Sunday, April 15, 2007

Happy and Comfy?

People almost always know how to solve their problems. But sometimes, the solution is too good for comfort, hence they ignore it and keep on trying inferior solutions which may only solve the problem partially, not solve it at all, or even make it worse. This is a pretty awful mindset, but it exists.

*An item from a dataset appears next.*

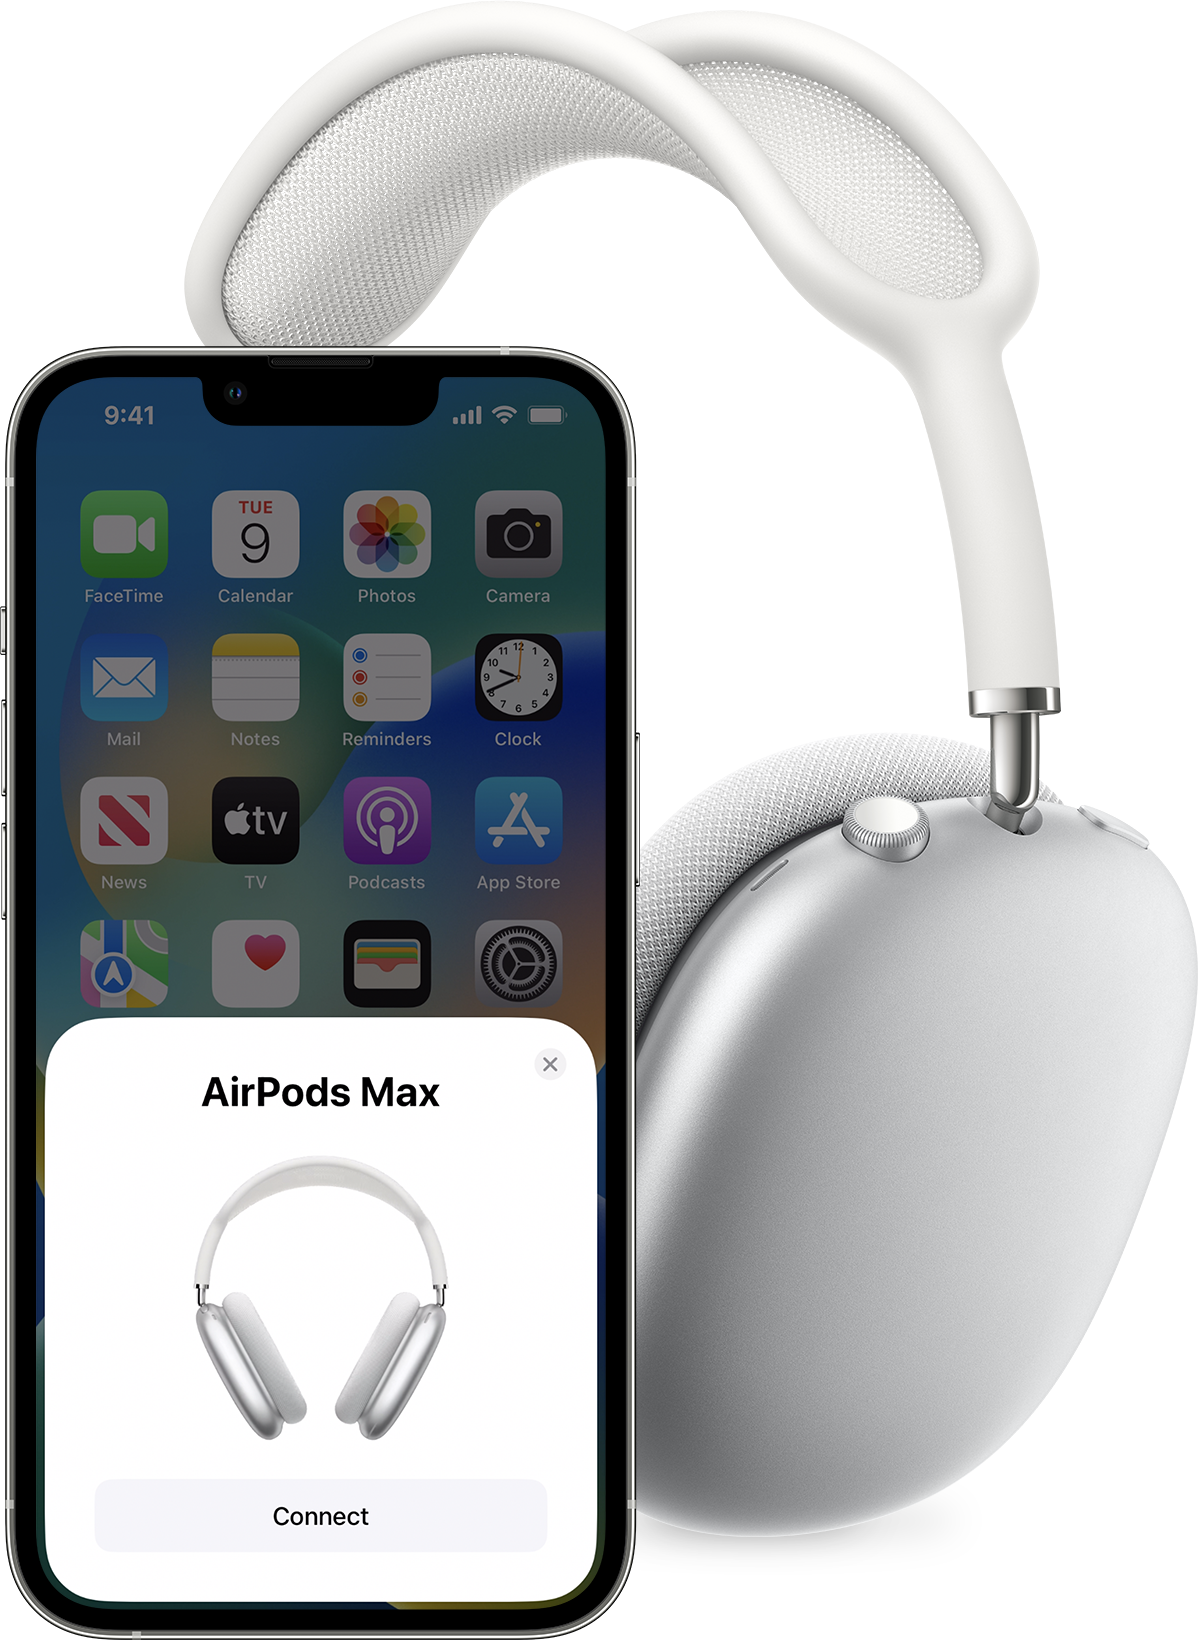 Configuración de los AirPods Max en iOS

Everybody is a fan of comfort and it is probably one of the harder things in life to give up, because it takes so fucking long and too fucking hard to get it. ‘Comfort’ is subjective---a comfortable relationship for me involves me being able to fart in front of the guy like there’s no tomorrow, or pick my nose, or drool sticky icky-smelling saliva, or talk about the questions of the universe over a bunch of fries and floats. If I can do that with you, then I will find it very hard to leave you. That’s comfort for me. For you it may be doing your Fries-in-Nose demo in front of the girlfriend and not feel self-conscious at all. Depends. And I don’t say that only because it’s a safe answer.

When the comfort is lost, then there is a problem. The human brain goes: oh noes there’s a problem and my comfort zone is violated! What do I do what do I do what do I do! Oh I know! I won’t do anything or just do this thing which I am sure will not make me lose more comfort zone ground. Nevermind if another better solution exists---I can’t. Too hard. But thing is, something that makes you comfortable does not necessarily make you happy, and vice versa. And this is where the concept of strength comes in.

Giving up comfort requires strength. But strength allows you to pursue happiness. Like I’ve mentioned above, happiness and comfort aren’t synonymous. If given a choice, I would rather be happy and strong than comfortable and weak, because I’m still stupid like that.

I guess what I’m trying to say is: reorganize your priorities. Think about what makes you comfy as opposed to what makes you happy. Then junk that bitch of a girlfriend and move on with your life. If not, stop griping and hold your tongue until a random seizure twists your body into a horrible position and you die of choking on your saliva. Something like that.